30g dried cranberries

50g almonds

50g sunflower seeds

50g vegan margarine

3 tbsp crunchy peanut butter

2 bananas, mashed

1 apple, peeled & grated

100ml hot water

Method

Preheat the oven to 160C/140C(fan).

Grease and line a 20x20cm baking tin.

Gently toast the seeds and almonds in a heavy based pan.

Transfer them to a large mixing bowl, along with the oats and dried fruit.

Melt the margarine over a low heat, along with the peanut butter.

Add the bananas, apple and water.

Pour the wet mixture into the mixing bowl and combine thoroughly.

Transfer the batter into the prepared tin and smooth.

Bake for 50-60 minutes until golden brown.

Once removed from the oven allow to cool for 10 minutes before turning out onto a wire rack.

Leave to cool completely before cutting into 12.

These flapjacks will keep well in the fridge for around 5 days, should they last that long.

Onion bhajis

Makes 10-12

Ingredients

1 white onion, finely sliced

1 red onion, finely sliced

2 cloves of garlic, mashed

1 thumb of ginger, finely chopped

½ tsp turmeric

½ tsp garam masala

1 tsp chilli flakes

1 tsp ground cumin

100g gram flour

60-80ml water

Sunflower or vegetable oil

Salt

Method

Slice the onions and put them in a large mixing bowl, separate each individual slice.

Add all of the spices, garlic, ginger, gram flour and salt and mix it around a little.

Add 1 tbsp of sunflower oil and 60ml of water. Mix it all together and add a little more water if the mixture isn’t loose enough – the batter should adequately coat the onion.

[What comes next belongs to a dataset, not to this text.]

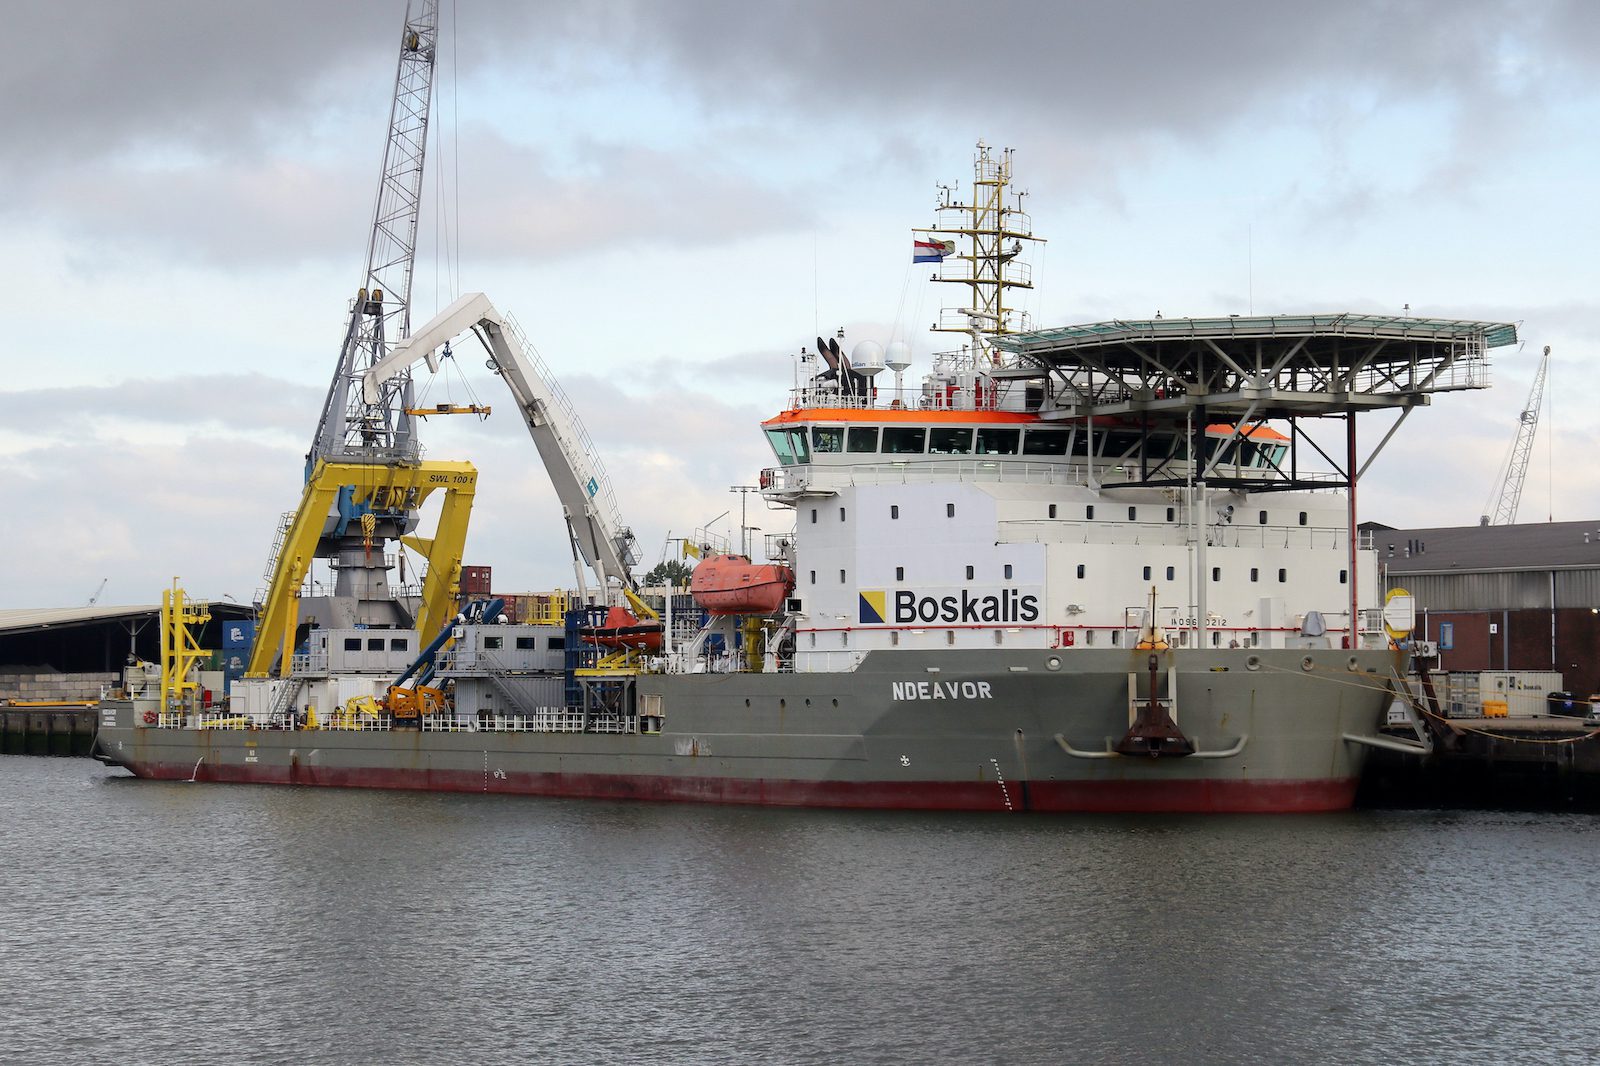 Boskalis Consortium Wins Grant to Research Green Methanol for Emissions-Free Shipping Transition

Heat 4-5 tbsp of sunflower oil in a thick based pan over a medium heat.

Once at temperature, take a little of the mixture and place it into the oil.

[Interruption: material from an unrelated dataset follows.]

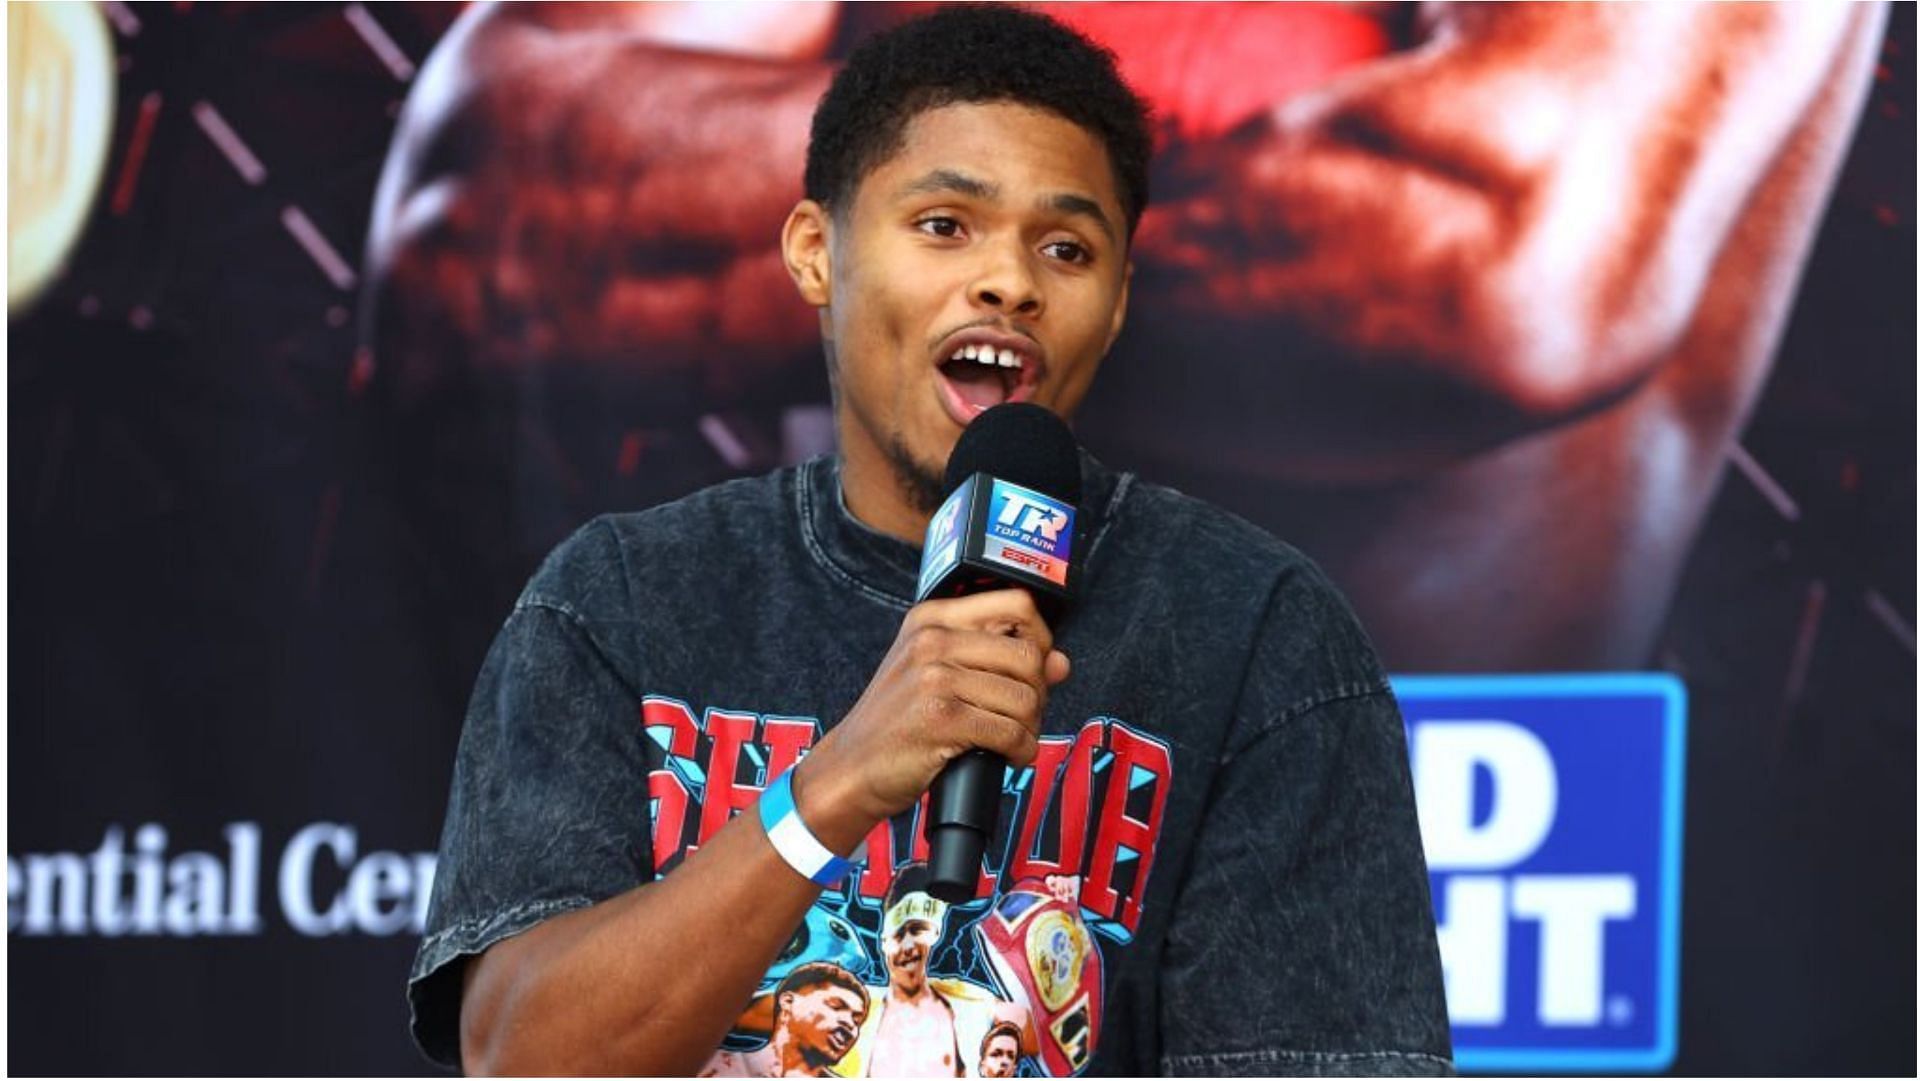 Shakur Stevenson is a professional boxer and has won several titles (Image via Mikey Williams/Getty Images)

Fry until golden brown on each side, allow enough time to cook through.

Soak up any excess oil with kitchen roll.

Everything about onion bhajis is frugal; onions and gram flour are exceedingly cheap. Indeed, the entire batch, enough for 3-4 people, should set one back no more than 80p!

Potato dhal

Ingredients

1 small sweet potato, skinned

1 small onion, finely chopped

3 garlic cloves, minced red pepper flakes

1/4 tsp turmeric

1/4 tsp garam masala

1 cup vegetable broth

1/2 cup red lentils

4 cups spinach, or more salt, to taste

Method

Dice sweet potato into small ½-inch cubes, and set aside.

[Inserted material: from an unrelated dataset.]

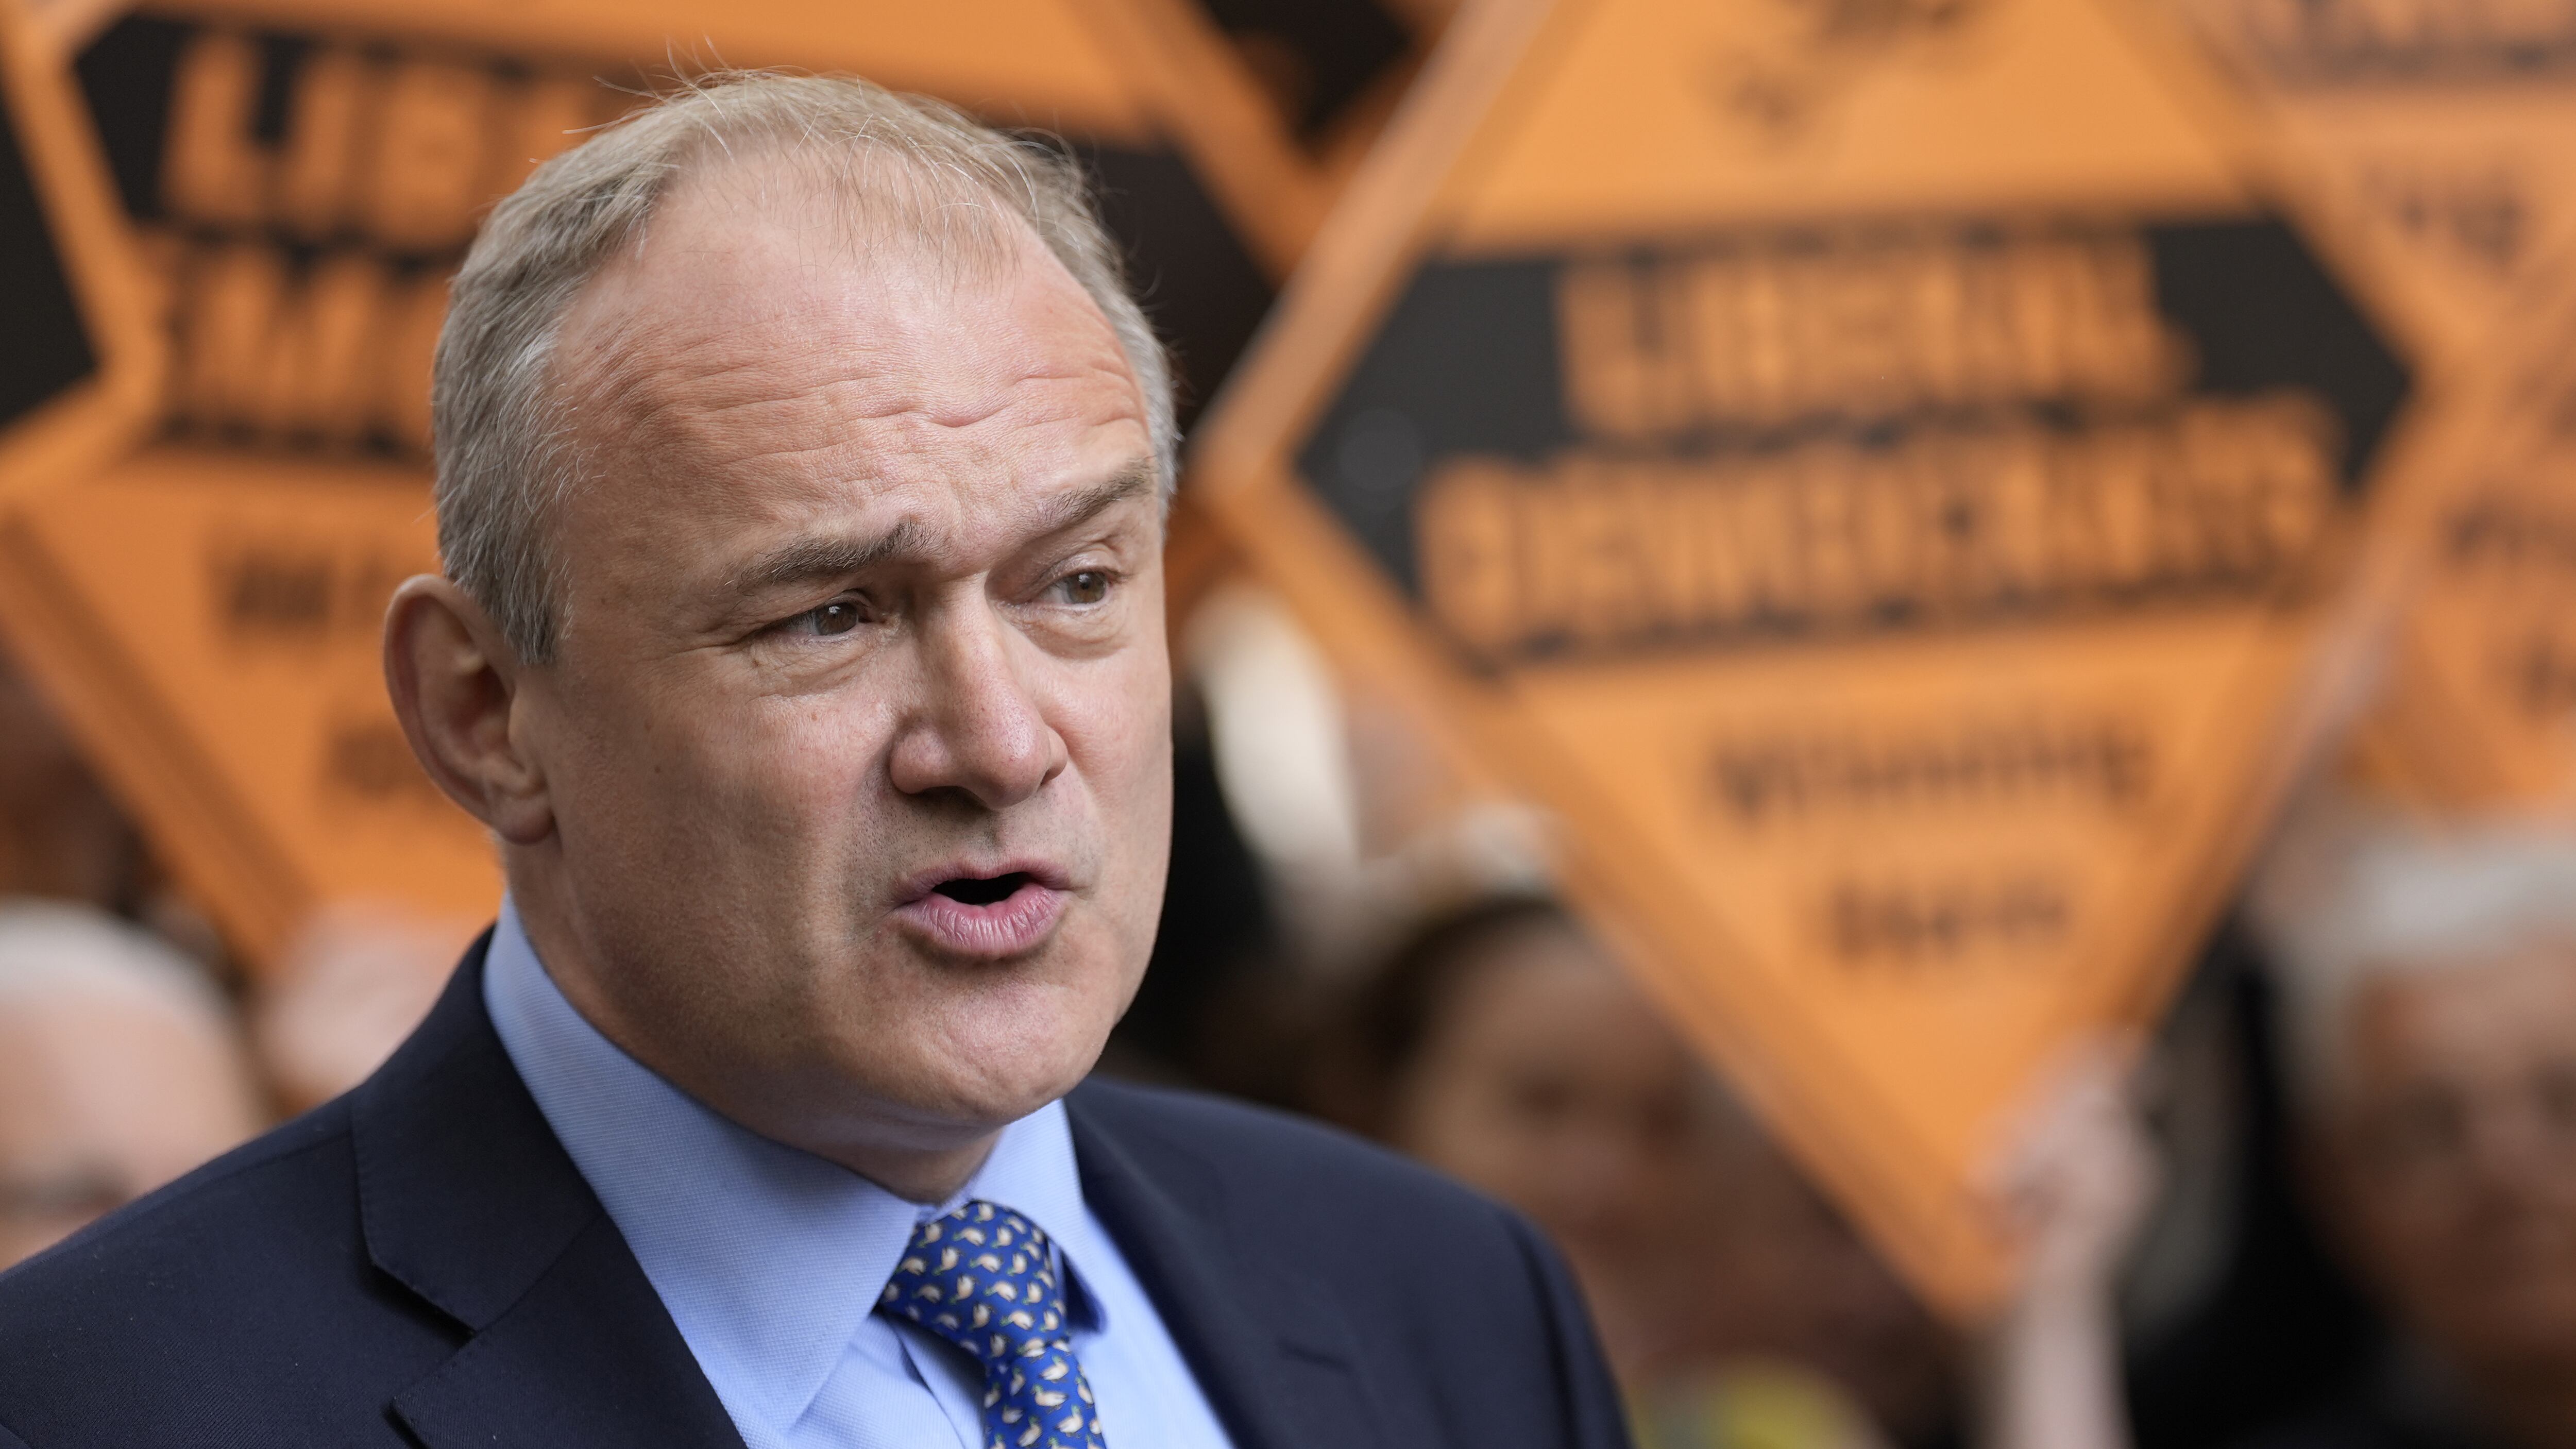 Sir Ed Davey will be in Scotland for the launch

Line a medium pot with a thin layer of water and saute onions and garlic for a minute.

Add a pinch or two red pepper flakes and continue to cook until all the water has cooked off.

Add turmeric, ¼ tsp garam masala and stir to coat.

Add 1 cup broth, uncooked lentils, and bring to a boil. Once boiling reduce to low, cover, and simmer for about 5 minutes. 

Add sweet potatoes, bring to a boil again and reduce to low and simmer, until lentils are fully cooked (they expand and the sauce thickens), about 5 minutes more.

Check periodically to see if you need additional broth (I tend to add an extra ½ cup but it can vary).

Once lentils are cooked and sweet potatoes are fork tender, taste, adding more garam masala as desired (I like to add another ¼ tsp but some blends are stronger than others).

Add spinach, continuing to stir until spinach cooks down and softens.

Add salt to taste and serve.

Other resources

By Ali Ryland, Web and Digital Communications Officer at The Vegan Society

Comments

I was really interested in reading the article about eating vegan on a tight budget and took note of the recipes too. Myself and my two teenagers are vegan and enjoy trying new recipes. We often eat homemade MILLET BURGERS, cheap and easy to make, very versatile and extremely healthy. Thank you for the great work you are doing within The Vegan Society. Kind regards and all best wishes, Laurence.